RIZCALLAH Cecilia - Le principe de confiance mutuelle à l'épreuve d'une crise des valeurs (8h)
Pour reprendre les mots de la Cour de justice de l’Union européenne, la construction juridique de l’Union européenne « repose sur la prémisse fondamentale selon laquelle chaque État membre partage avec tous les autres États membres, et reconnaît que ceux-ci partagent avec lui, une série de valeurs communes sur lesquelles l’Union est fondée ». Au rang de ces valeurs communes, les droits fondamentaux, l’État de droit et la démocratie occupent une place centrale. «Cette prémisse », toujours selon la Cour de justice, « implique et justifie l’existence de la confiance mutuelle entre les États membres ». Le principe de confiance mutuelle permet à son tour l’établissement de collaborations étroites entre les États membres, malgré les disparités substantielles et procédurales que présentent leurs systèmes juridiques.
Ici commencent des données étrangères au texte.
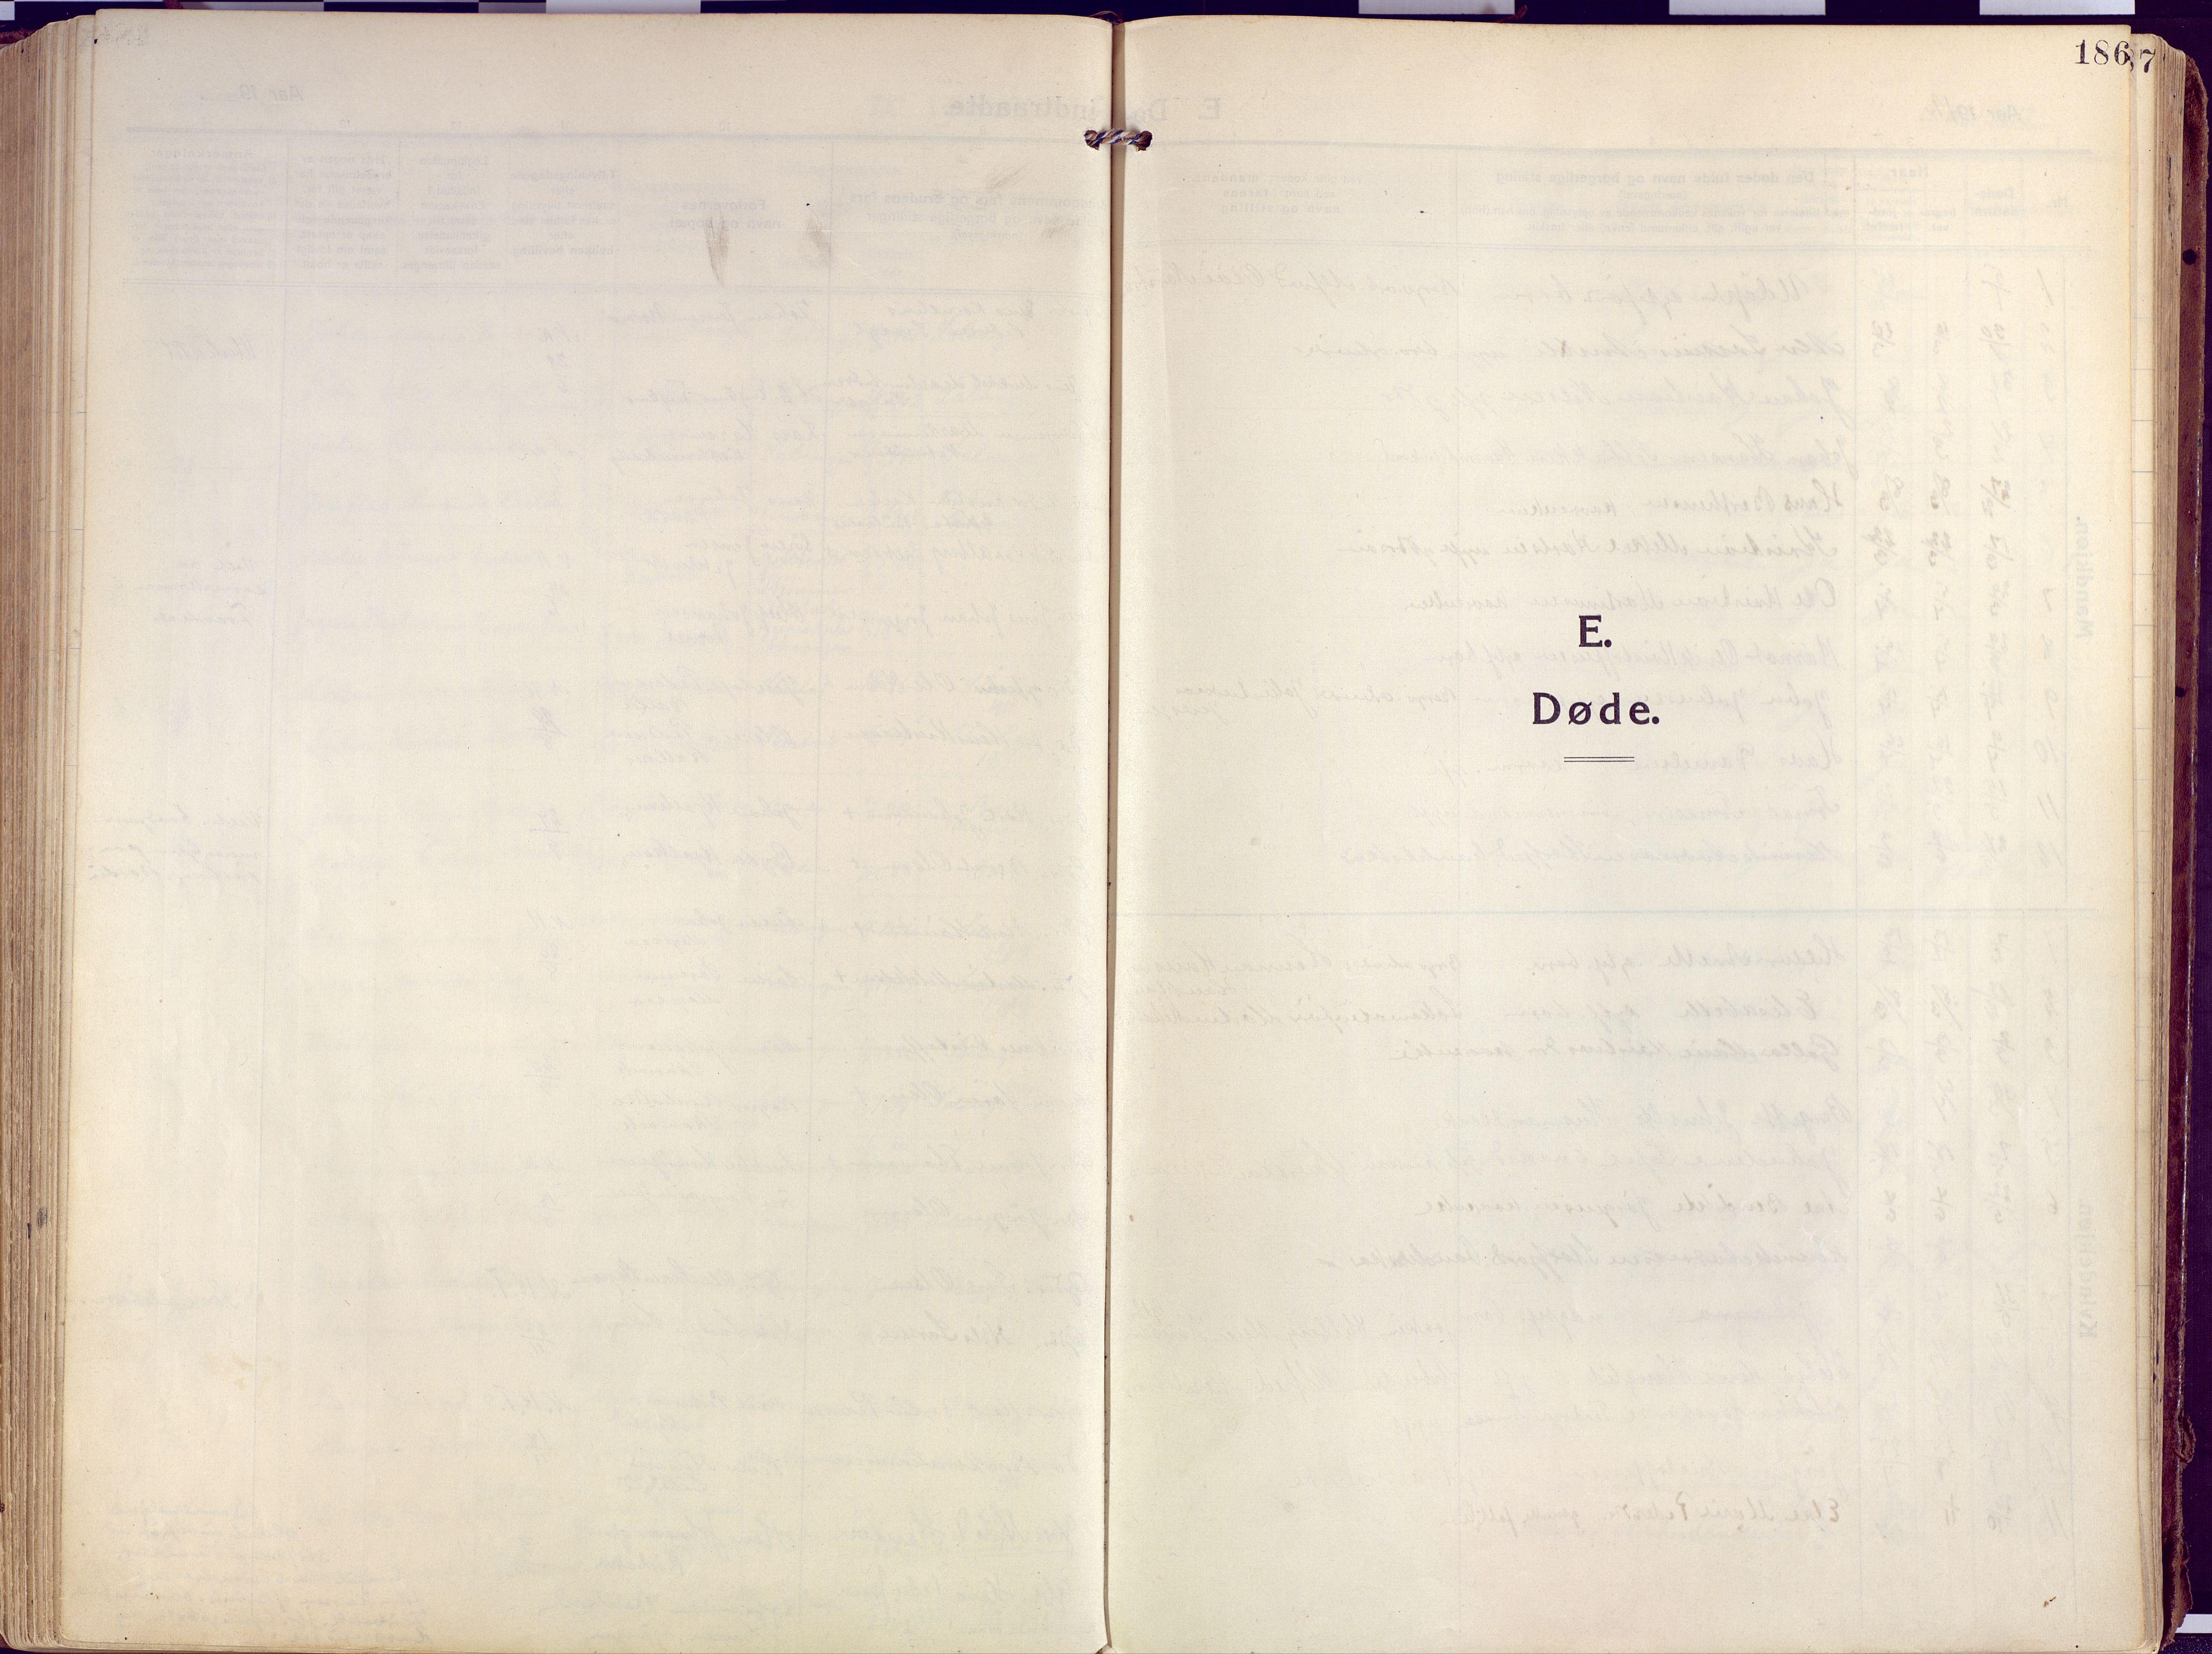 SATØ, Salangen sokneprestembete, Ministerialbok nr. 4, 1912-1927, s. 186

Il joue un rôle crucial dans quasiment tous les domaines du droit de l’Union européenne du droit du marché intérieur, à celui de l’espace de liberté, de sécurité et de justice, en particulier dans les domaines de la coopération judiciaire en matière civile et pénale, ainsi que dans le cadre du régime européen commun d’asile. Le principe de confiance mutuelle constitue désormais une véritable charpente du système juridique européen, qui s’ajoute à d’autres principes structurels fondamentaux du droit de l’Union européenne, tels que les principes de primauté et d’effet direct.
La sémantique de la confiance mutuelle entre les États membres est d’ailleurs très présente dans les discours officiels de l’Union européenne. Pourtant, l’Union européenne est actuellement en proie à une « crise des valeurs ». Cette crise se manifeste par des remises en cause de plus en plus fréquentes et flagrantes des valeurs, telles que les droits fondamentaux et l’État droit, valeurs qui sont supposées cimenter les relations entre les États membres. Comment continuer à justifier les coopérations approfondies entre les États membres, fondées sur une prétendue confiance mutuelle, alors que les fondements de celle-ci s’érodent? Faut-il réinventer ce principe de confiance, pour qu’il puisse continuer à être opérationnalisé, en dépit d’une absence de consensus quant aux principes fondamentaux qui sont supposés régir les ordres juridiques des États membres ?
Ces interrogations, nourries par le contexte politique qui trahit des divisions fondamentales entre les États membres quant au sens de l’intégration européenne et des valeurs qui la fondent, seront au cœur de ce séminaire. Celui-ci aura pour objectif de fournir aux étudiants une compréhension approfondie des principes qui régissent les relations entre les États membres au sein de l’Union européenne, tout en les engageant dans une réflexion active sur les défis juridiques et constitutionnels auxquels ces relations sont aujourd’hui confrontées. Cette réflexion se déploiera sur fond de tension persistante entre deux conceptions de l’Union européenne : celle d’une communauté fondée sur des valeurs partagées et celle d’une coopération motivée par les intérêts nationaux — tension qui ne cesse de façonner son évolution et ses équilibres internes.